▽

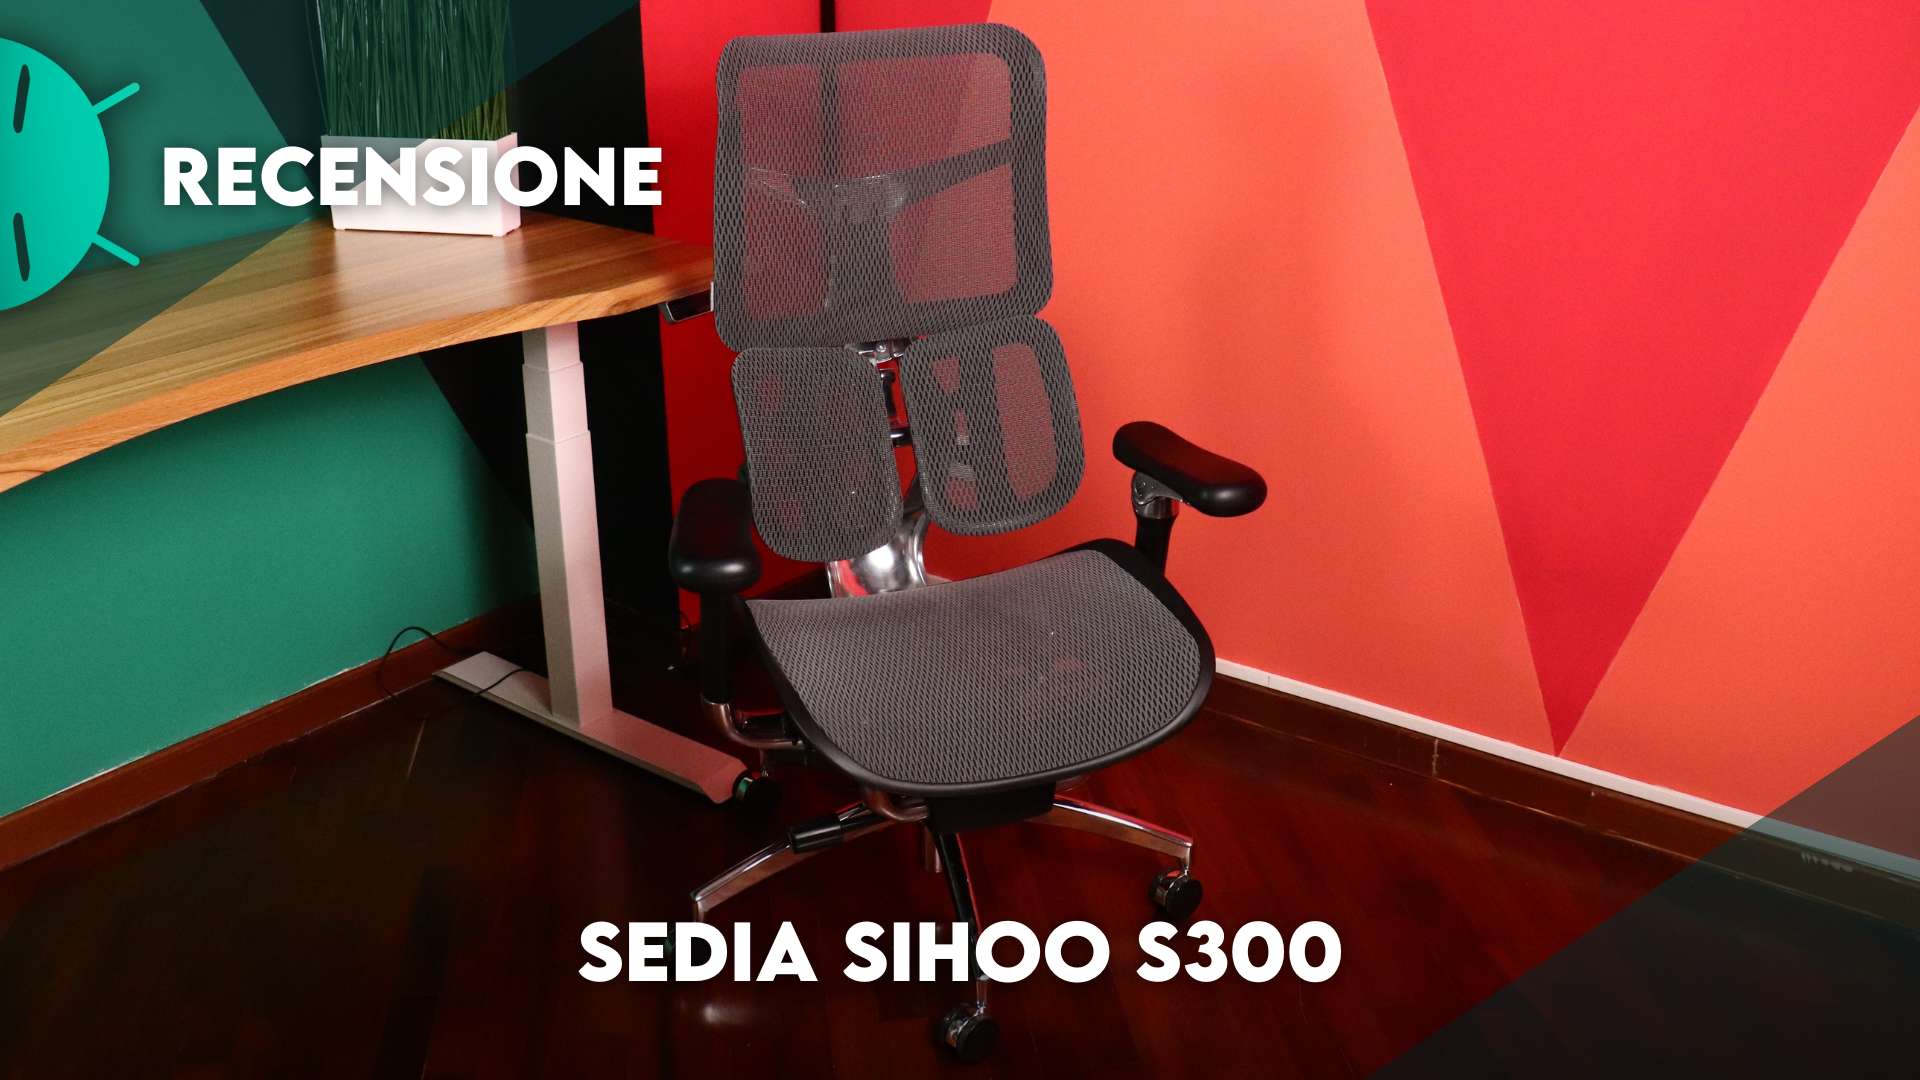 Recensione Sihoo S300: la sedia da ufficio ergonomica con meccanismo  anti-gravità 
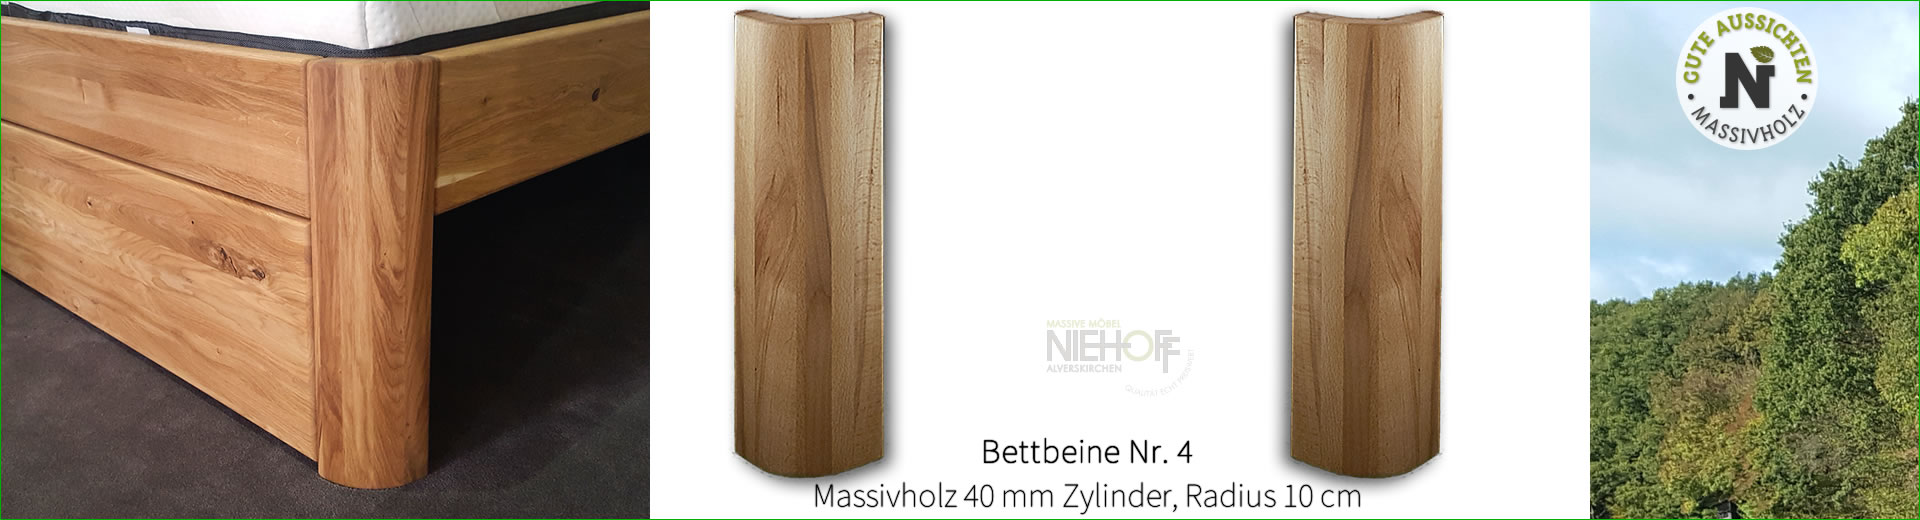 Bettbeine Nr. 3, Massivholz 40 mm rund, Radius 10 cm, Höhe 54 cm
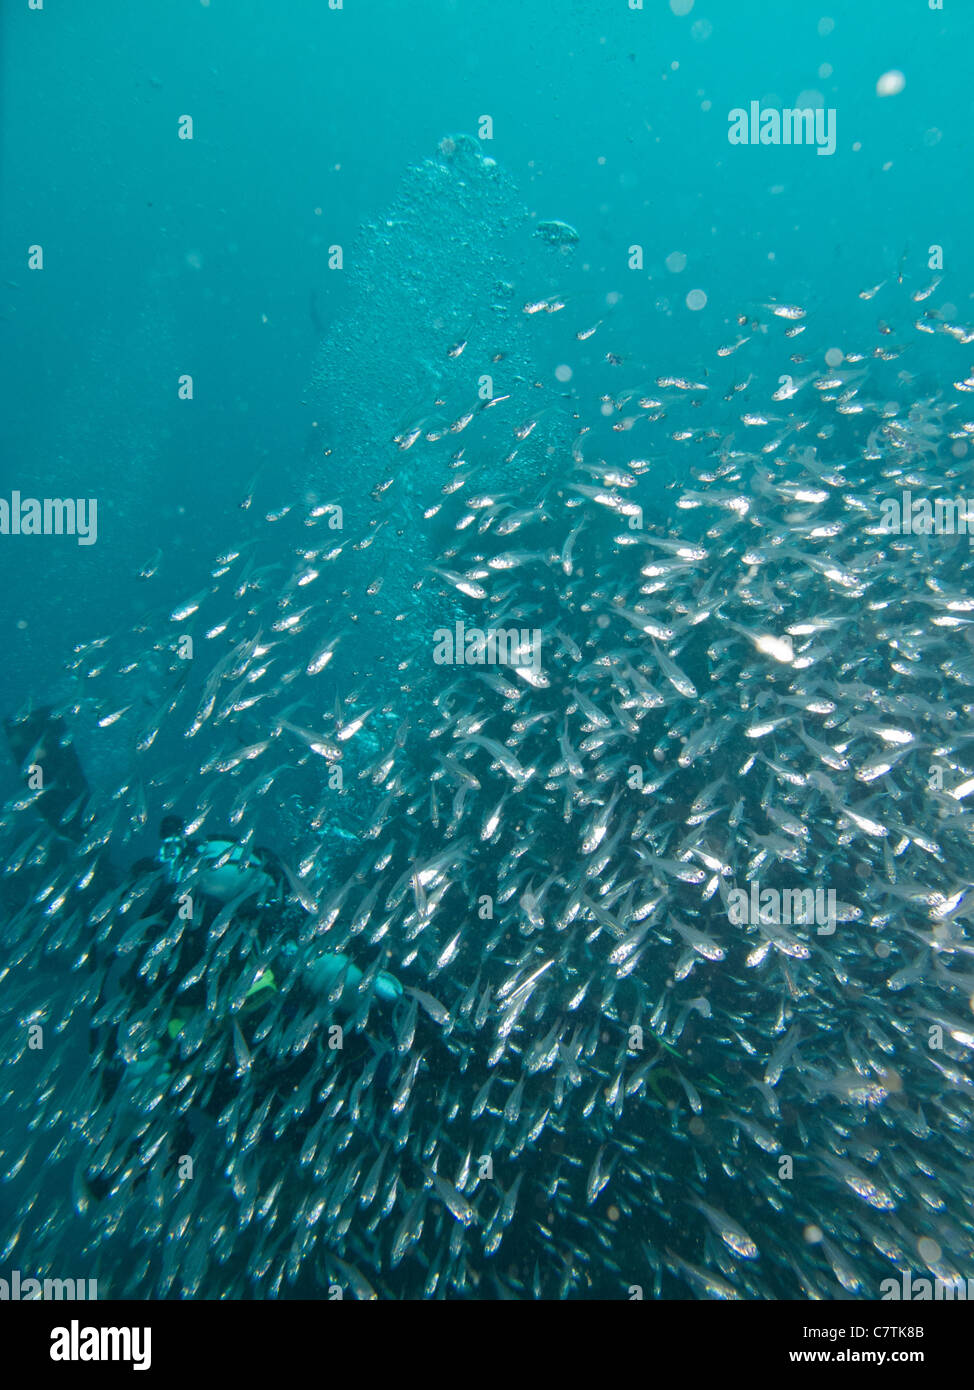 Escuela de pequeños peces la conformación de diferentes formas bajo el agua Foto de stock
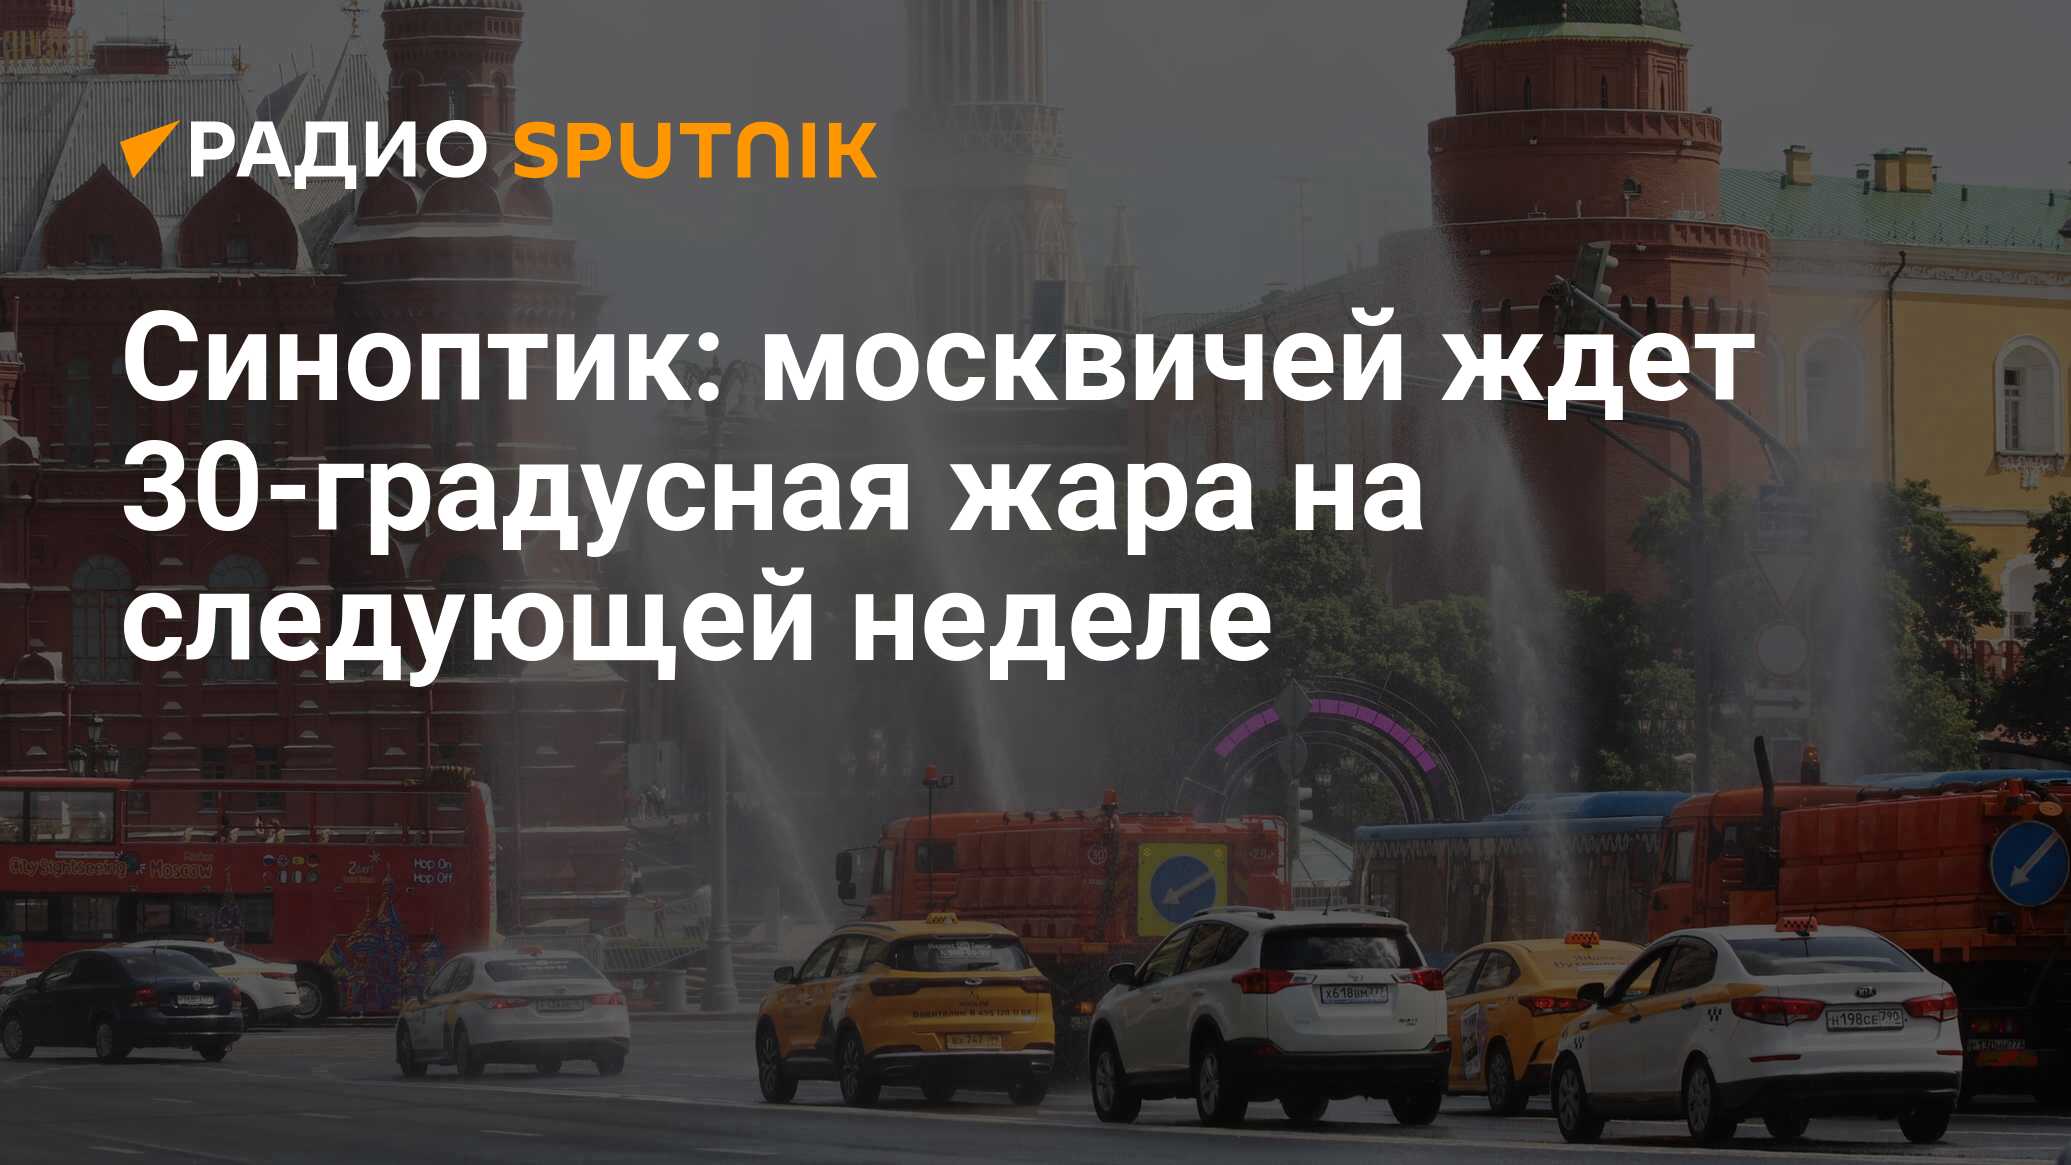 Самая жаркая погода в Москве. Синоптики предупредили москвичей о приходе 30-градусной жары.

△

Transcribe the listing in full and omit the pictures.

▶ [Response to this exercise]
 Recensione Sihoo S300: la sedia da ufficio ergonomica con meccanismo  anti-gravità 
 Bettbeine Nr. 3, Massivholz 40 mm rund, Radius 10 cm, Höhe 54 cm
 Escuela de pequeños peces la conformación de diferentes formas bajo el agua Foto de stock
 Самая жаркая погода в Москве. Синоптики предупредили москвичей о приходе 30-градусной жары.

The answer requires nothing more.